- _REQUIRED ACTION_
Your task is to restate word for word the lines in the material below, from the one with "A brooding Zdeny" up to and including the one with "Mas Noureldin's profile banner". Do not carry over the pictures.

- _RECORDS SHOWN_
######
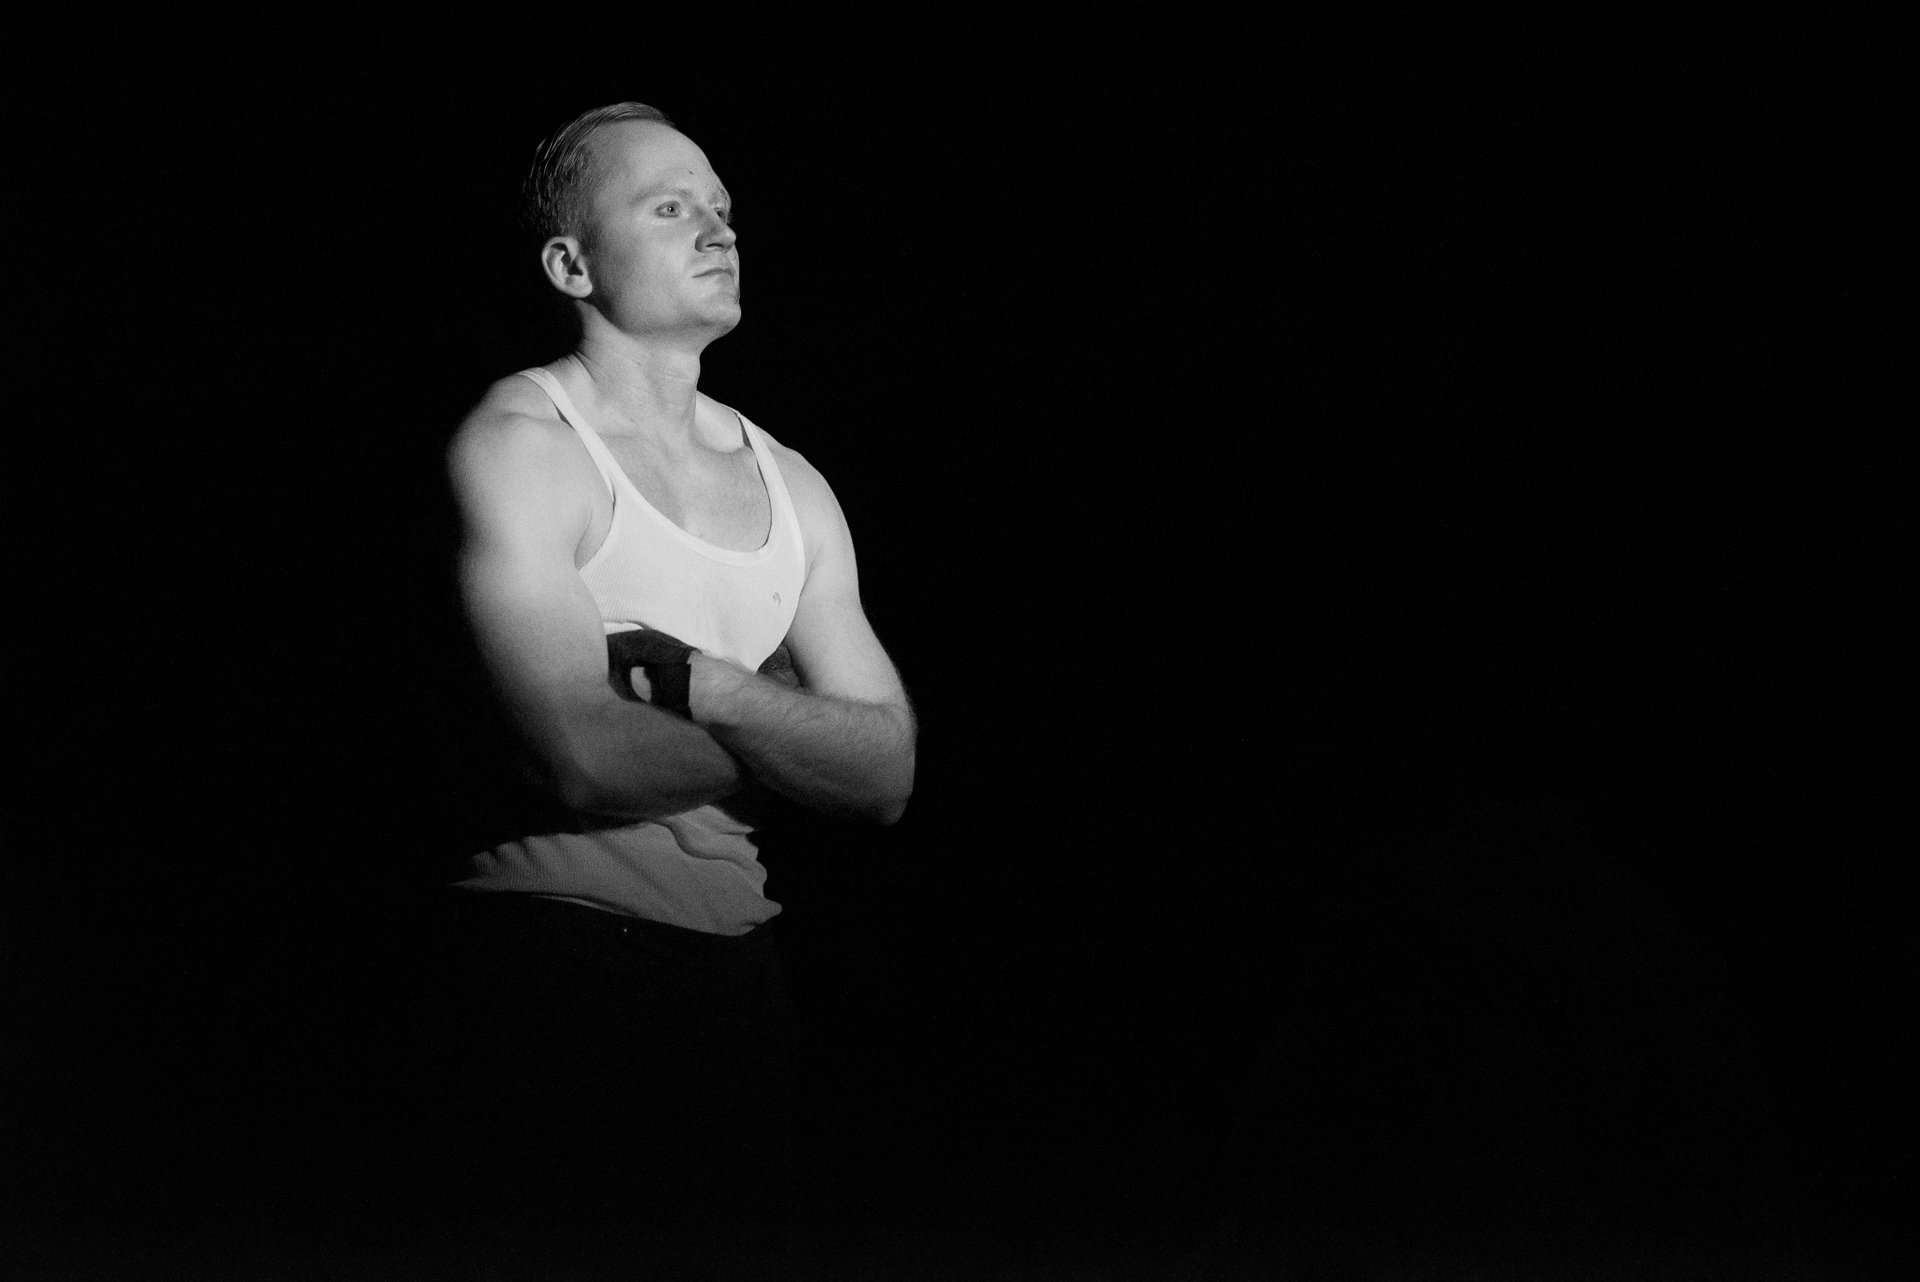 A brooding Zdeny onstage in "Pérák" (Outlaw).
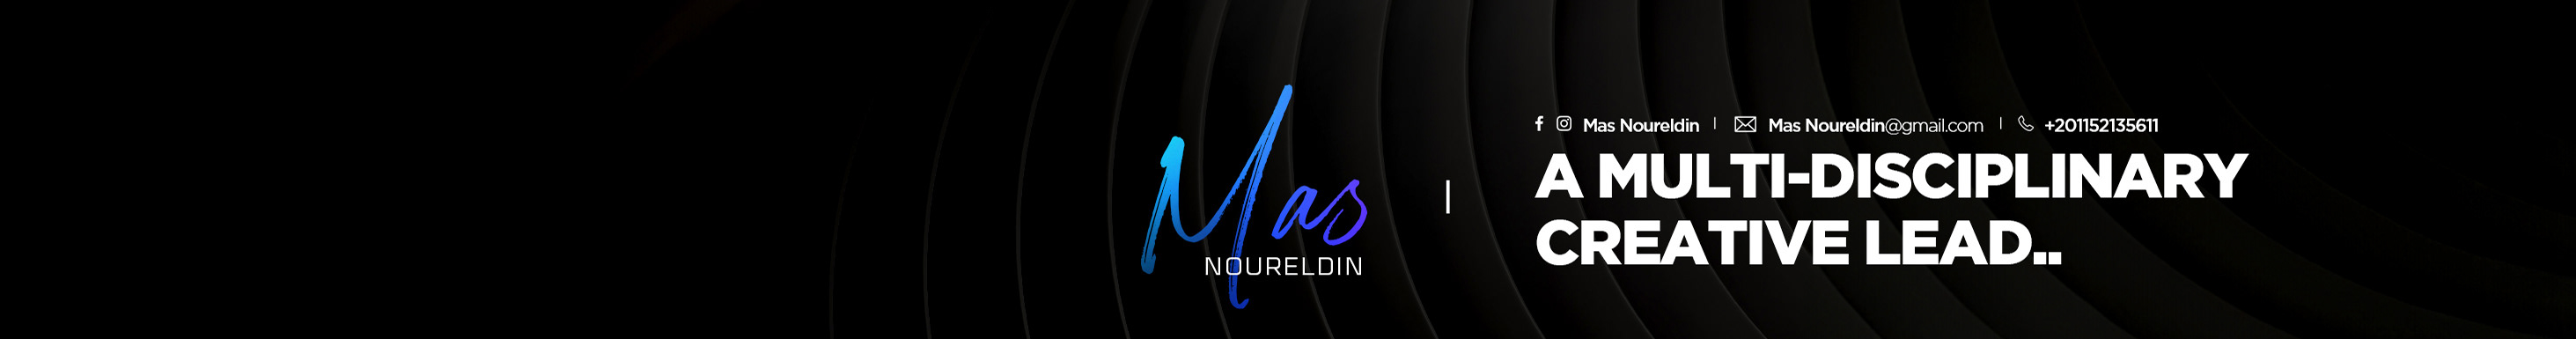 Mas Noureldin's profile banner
######
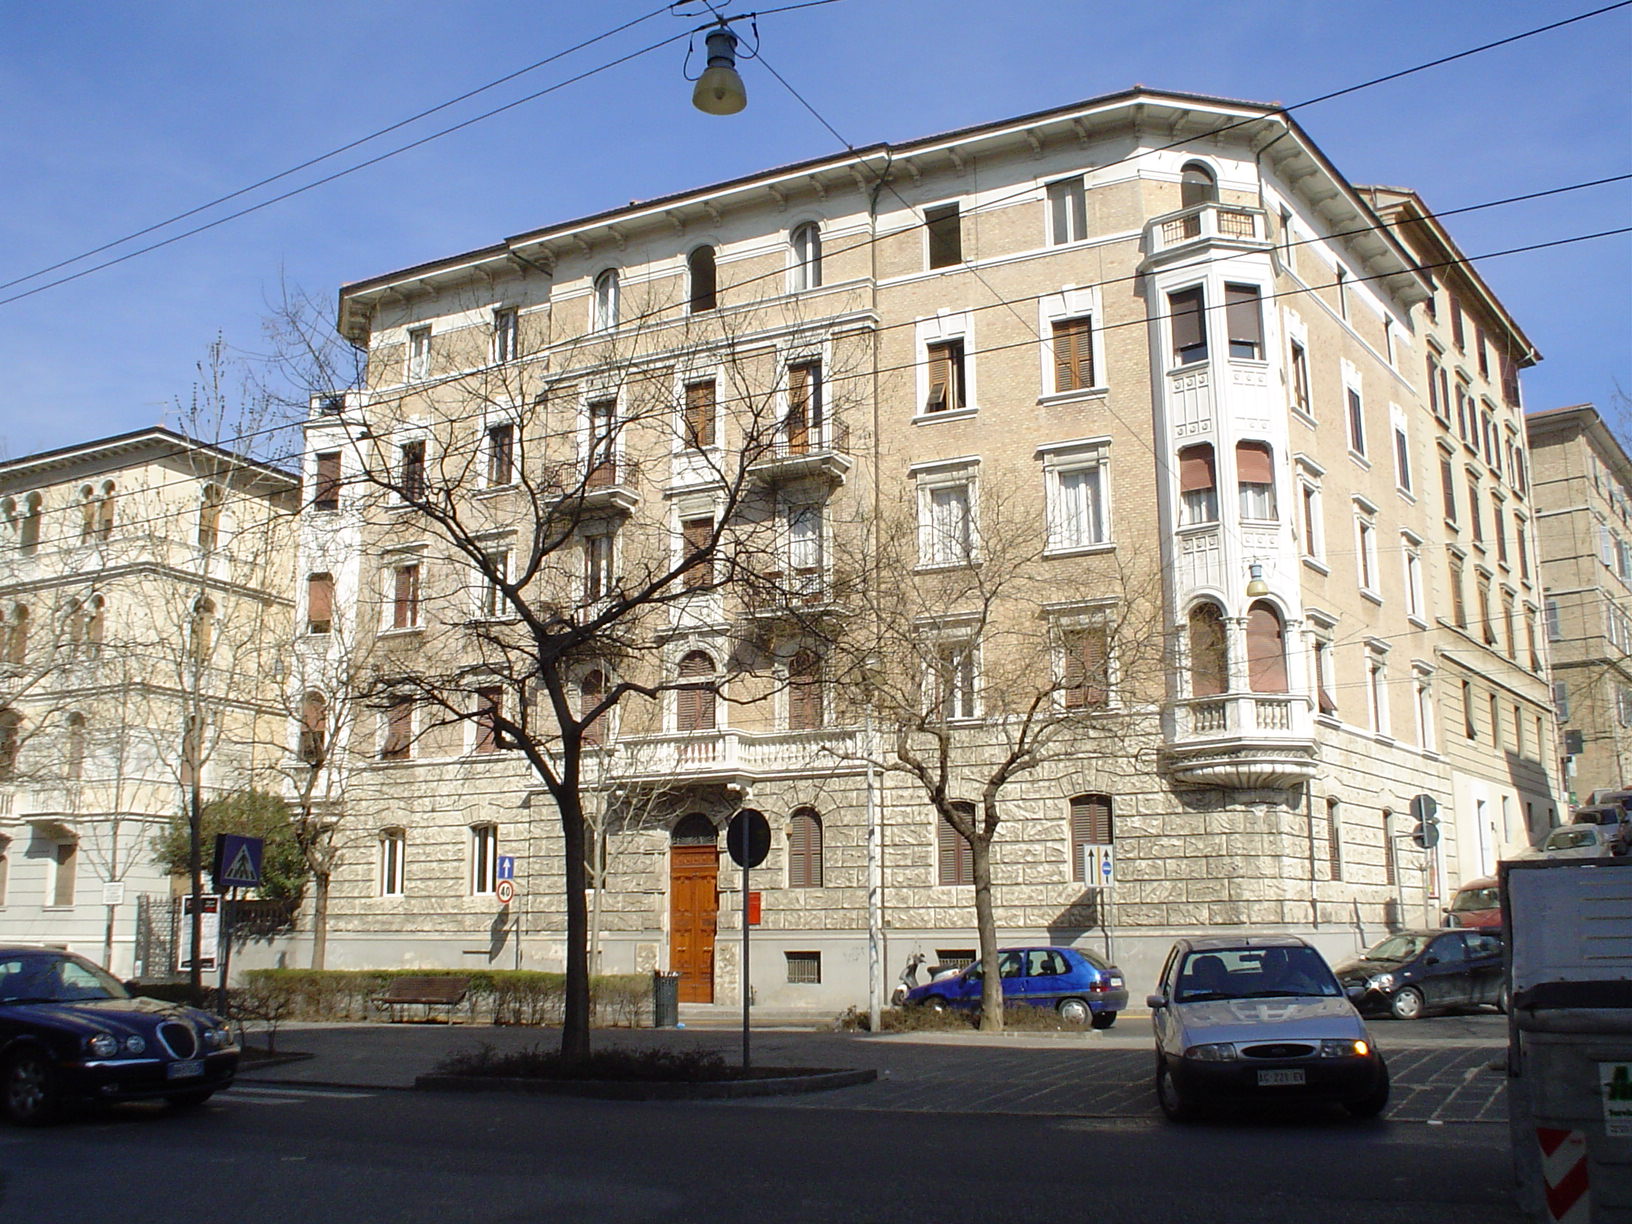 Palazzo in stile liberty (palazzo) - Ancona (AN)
######
- _SOLUTION TO THE PROBLEM_
 A brooding Zdeny onstage in "Pérák" (Outlaw).
 Mas Noureldin's profile banner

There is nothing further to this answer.